From: Johannes Schindelin <Johannes.Schindelin@gmx.de>
To: git@vger.kernel.org
Subject: [Summit topic] Sparse checkout behavior and plans
Date: Thu, 21 Oct 2021 13:56:26 +0200 (CEST) [thread overview]
Message-ID: <nycvar.QRO.7.76.6.2110211148230.56@tvgsbejvaqbjf.bet> (raw)
In-Reply-To: <nycvar.QRO.7.76.6.2110211129130.56@tvgsbejvaqbjf.bet>
[-- Attachment #1: Type: text/plain, Size: 13013 bytes --]
This session was led by Derrick Stolee. Supporting cast: Jonathan
"jrnieder" Nieder, Elijah Newren, Jeff Hostetler, Jeff "Peff" King,
Johannes "Dscho" Schindelin, Ævar Arnfjörð Bjarmason, Emily Shaffer,
Victoria Dye, brian m. carlson, and CB Bailey.
Notes:
1. Cone mode has stabilized
2. jrnieder: would sparse index without cone mode support be welcome?
1. Stolee: you’re welcome to try ;-)
2. Elijah: main theme: performance. Cone mode allows reasonable
performance due to fewer rules to check
3. Stolee: directory-level lookups mean lookups can have sublinear cost,
since you can skip sparse rules (no need to check them in order to
figure out whether or not a file is excluded or not)

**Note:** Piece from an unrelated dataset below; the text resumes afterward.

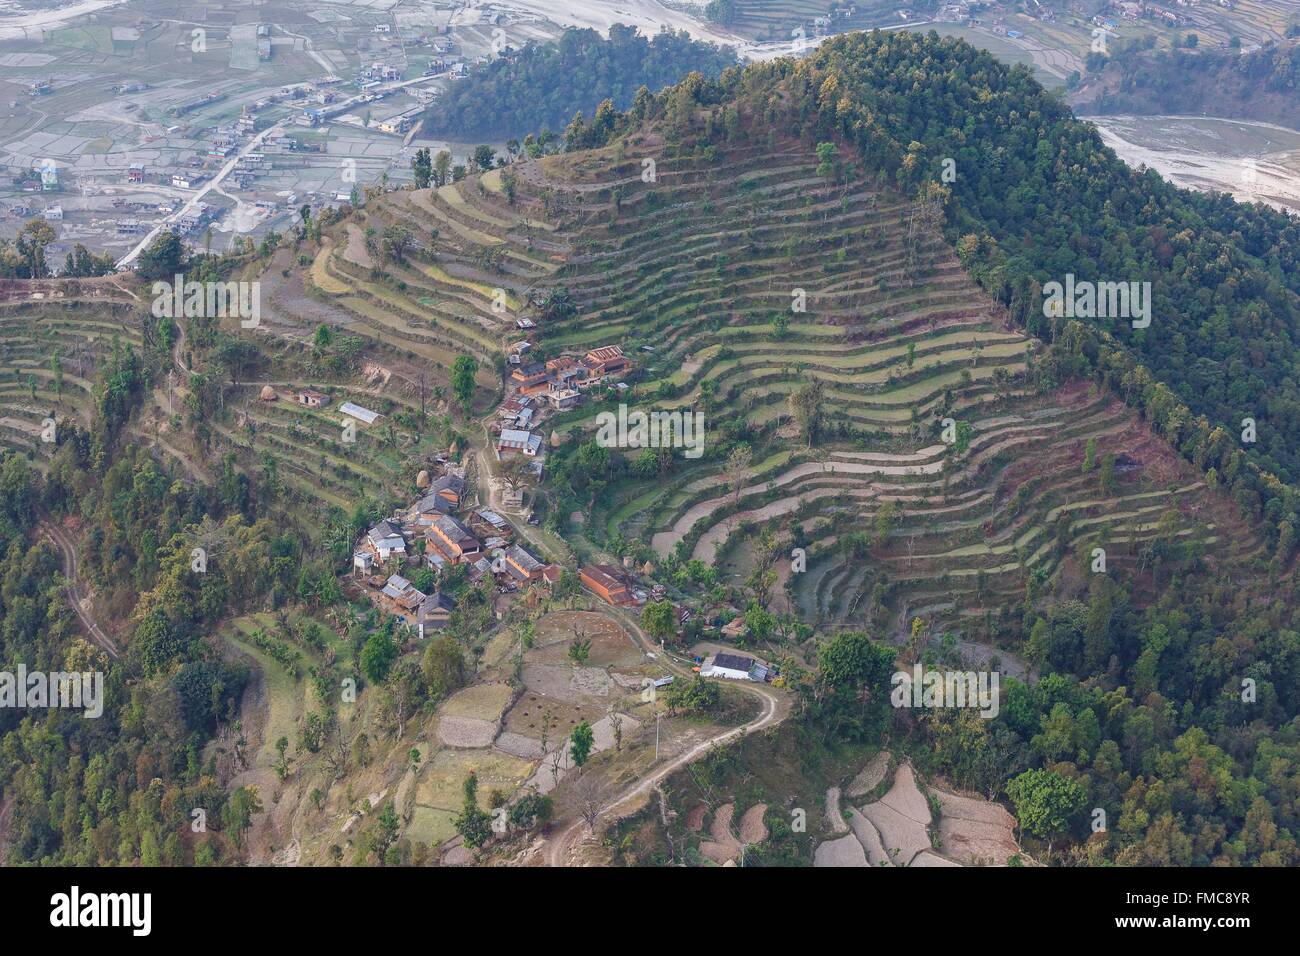 Le Népal, Gandaki zone, Pokhara, Kaskikot village et les rizières en terrasse (vue aérienne) Banque D'Images

3. Elijah: interested in “sparse clones”, i.e. clones that download
everything related to a specified cone
1. Would be nice not having to download extra objects when already having
specified a cone of interest
2. Jeff: the original partial clone had code to restrict to a cone
3. Peff: we still have the code, but turned it off, you can have bitmaps
with that (too heavy on the server)
4. Stolee: also, how can the cone be updated if things change? Never
solved that problem
5. Stolee: but the extra blob downloads turned out not to be too big of a
problem
6. Stolee: got a feature request to restrict git log to the current cone,
git grep already does that (thanks Matheus)
7. Elijah: “git grep” without revision arguments is restricted to
worktree, so it respects the sparse checkout. When you pass a
revision, though, it searches the whole tree
8. Many commands want to examine the whole tree, makes sense to figure
out the UX (configuration, etc) of them together
9. Peff: Is diff code on someone’s radar?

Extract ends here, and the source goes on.